Skating has taught me a lot of really important lessons lately. Not only am I seeing myself improve at something, I’m getting in great shape doing it and have discovered a new arena in life where I can find enjoyment, challenge, social activity and peer support, as I’ve found that other skaters are really encouraging to beginners.

I still have to push through a lot of fear before going to the skate park. Every inch of me feels like a dork for wearing pads, a helmet and still having an awkward stance when I skate. For lack of a better term, I feel like a new kid at school every time I go to the park, and I pray that there’s nobody else in the proverbial lunch room when I get there.

This afternoon, I shared with a few skaters that I felt awkward wearing full pads. He responded by showing me hand-sized scars on his knees.

“Wear the pads, bro.”

For most of my life, I’ve found encouragement and support whenever I pursued something. Beginning at a young age, my parents were really keen on reinforcing our interests, hobbies and musical talents. Other things, they were less keen on paying attention to – like name-brand clothing. Truth be told, I never felt like a dork until somebody criticized my clothing when I was in middle school.
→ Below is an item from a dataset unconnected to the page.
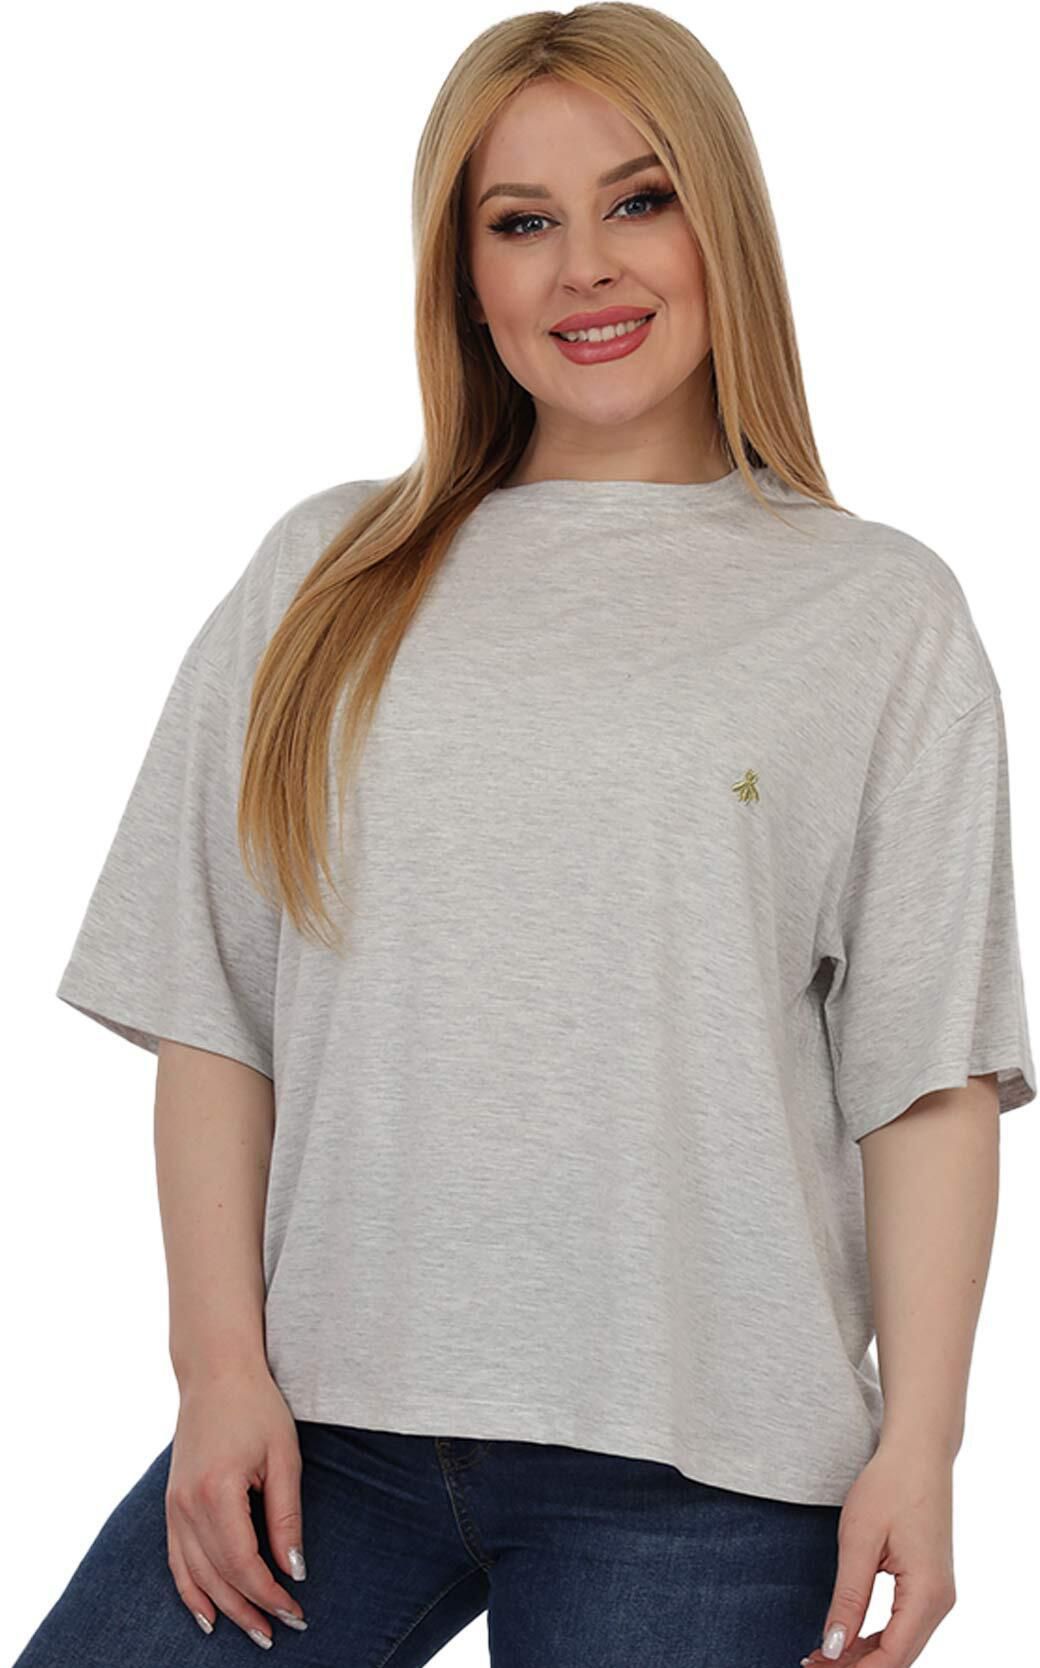 La Collection T-Shirt for Women - Large - Off White

I remember getting ready to go to youth group, and I decided to put on my new orange ‘Jesus freak’ shirt that my friend, Jason, got me for my birthday. His Dad worked at a t-shirt company called “Solid Light” – which I thought was pretty cool – and he let me pick any shirt I wanted from their catalog.
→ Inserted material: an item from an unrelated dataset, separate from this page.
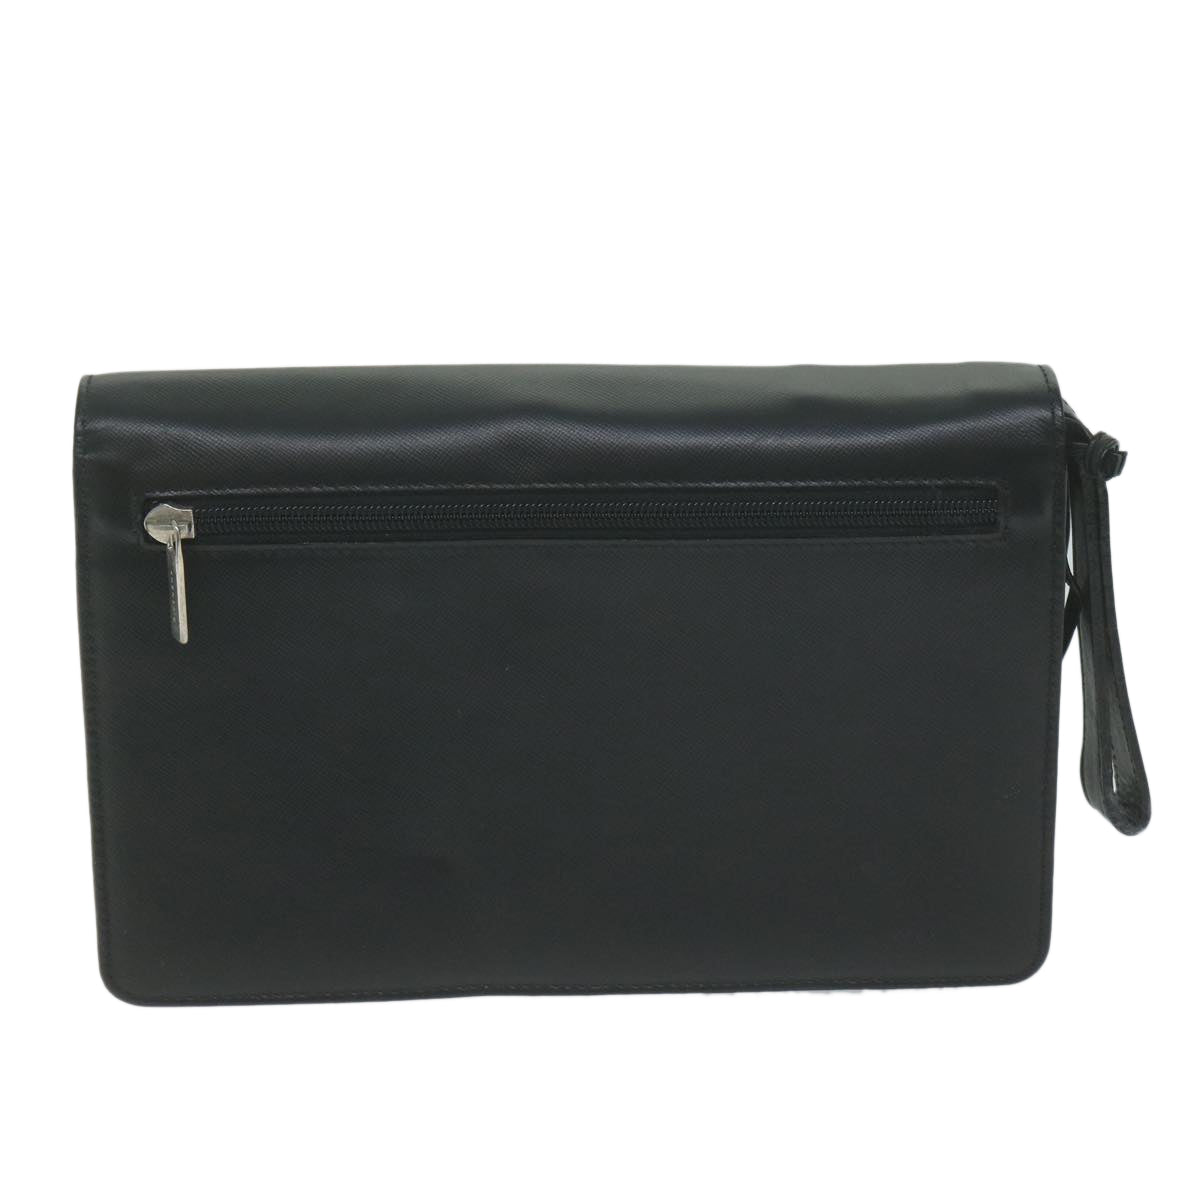 GIVENCHY Clutch Bag Leather Black Auth bs11875

I still remember how I felt when I walked out of the house with that shirt on. I felt like a million bucks, and I proudly wore it that night to show my friends. Walking through the halls of the church, I remember hearing words that would permanently change me;

”That’s dorky”

Kristin C., one of the ‘popular’ girls at youth group stood by the entrance of the building and pointed her finger at my shorts, which looked hidden under the length of my extra large, new shirt – resembling a dress.

I still remember how I felt when I heard those words. It was my first experience with true heartbreak; the feeling you have when a hopeful feeling in your heart is smashed to pieces by somebody who doesn’t give any regard for your feelings or well-being.
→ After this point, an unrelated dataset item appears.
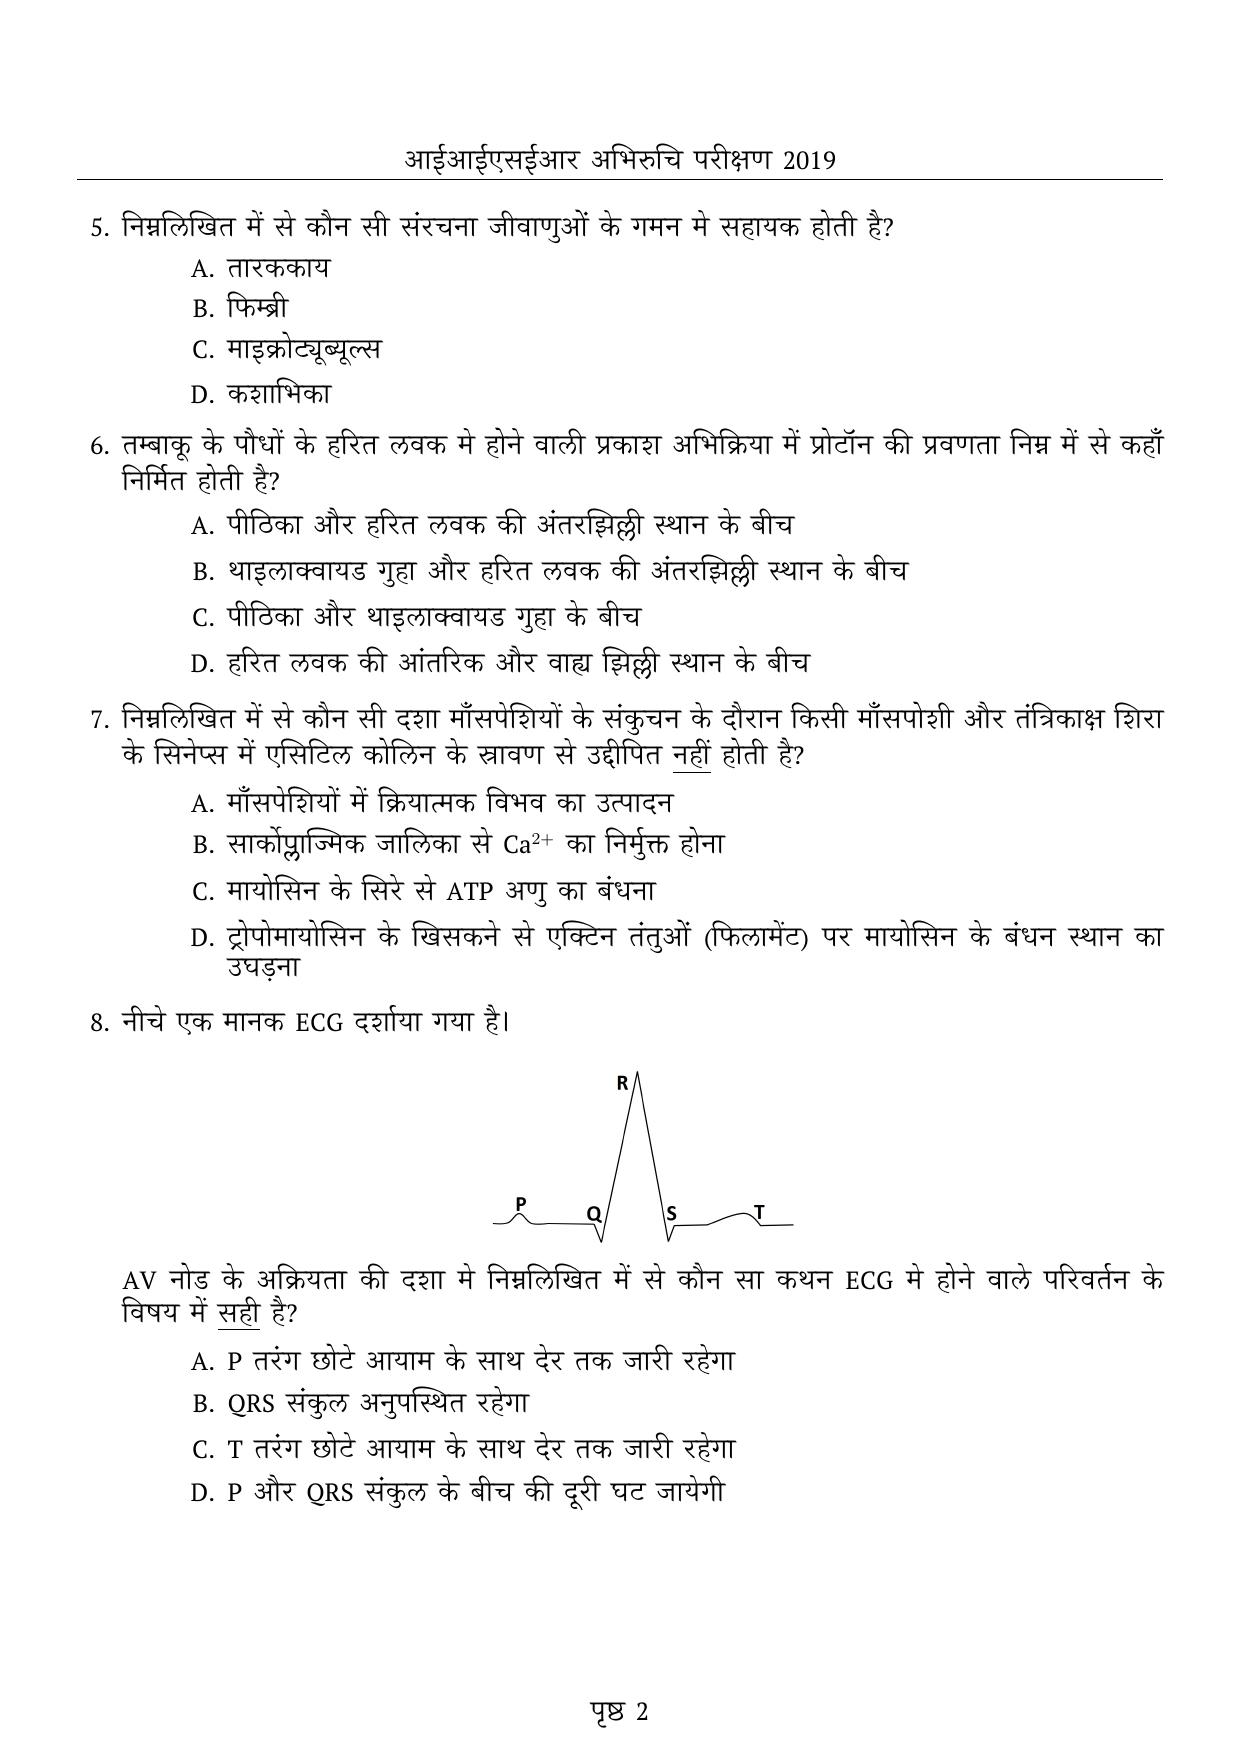 IISER Aptitude Test 2019 Hindi Question Paper - Page 2

I cried that night. Unconsolably.

For months after that, I scoured every rack at the thrift store to find shirts that had a name on them. I wanted to look cool.

All I was doing was trying to cover up a hurt that somebody gave me.

I went most of my adult life without ever feeling hurt like that, because I never let anybody get close enough to me to criticize me behind the walls of self I put up. Behind those walls was still a little boy that was crying because Kristin and her friends made me feel like I wasn’t good enough. For years, I somehow managed to avoid criticism and instead chased validation and affirmation.

When I skate, I’m choosing to bring that little boy out of his hiding place. I choose to get over my own fears, insecurities and pain that I’ve experienced in my life by creating a new adventure in place of past pains. Those things all wash away, one ramp at a time.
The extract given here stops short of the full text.